Innovative funding schemes in the form of pooled-fund studies may be the trigger behind bringing to a common table the experiences of leading MPO efforts on assimilating activity-based models into the planning process. It is eminently important that leading MPOs in North America be targeted first for pooled-fund studies to ensure the viability of activity-based models and forecasting tools that are being developed on that basis.

Regular annual summer meetings that alternate between practical and academic themes may serve as a useful forum for keeping the groups connected and working towards a common goal. It also provides two year windows for the relevant to organize and present their efforts, while being financially not too burdensome for participation. Logistically, this undertaking could occur initially on the basis of site visits at leading MPOs.
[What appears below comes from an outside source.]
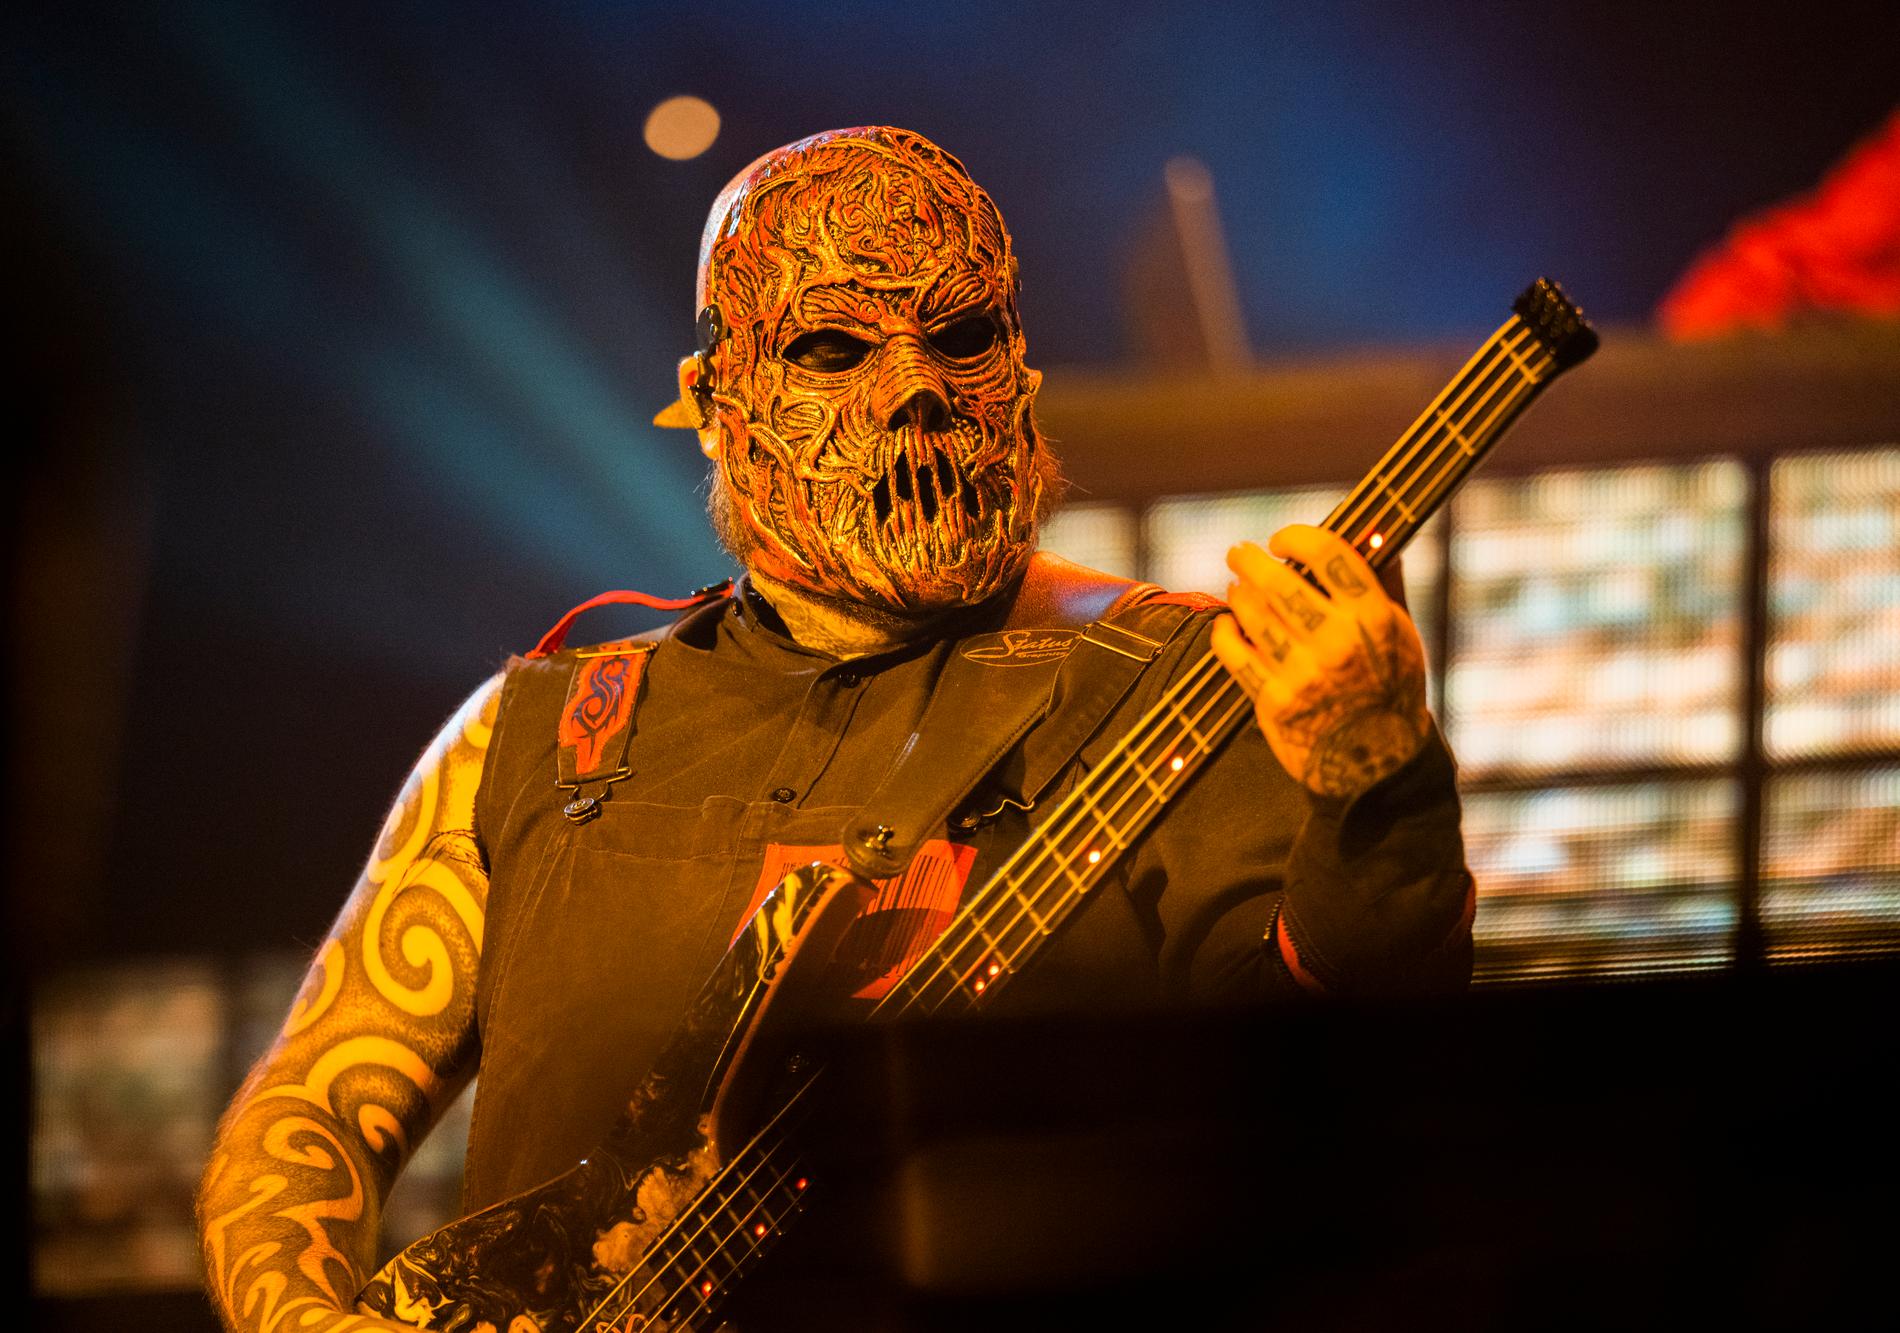 Slipknots senaste tillskott Alessandro Venturella höll, till skillnad från sina bandkamrater, en rätt låg och tillbakalutad profil under konserten.

Maximizing opportunities for integrative and collaborative thinking requires consistency of timelines. This is an issue of eminent importance, especially for MPOs who wish to take advantage of model portabilities. It is hence useful to continue to support activities through the committee that help align MPO modeling efforts.

CONCLUDING REMARKS

It is clear that simulation-based approaches have come to dominate the field of travel behavior and forecasting. While these approaches are data-intensive and as the debate on model parsimony with limited data rages on, it is eminently important for the travel demand profession to get back to the basics and conduct an “observational” analysis of the problem. Outlining a desired set of qualitative outcomes and working back to the type and frequency of data collection required to accomplish those outcomes is in order. In concert with this fundamental effort, the priority issues outlined previously should be pursued, keeping in mind implementability and relevance of those approaches to policy and technological developments. This effort should be collaborative and inclusive of international experiences and needs, while engendering integration with other elements relating to air quality, land use, demographics, and technology.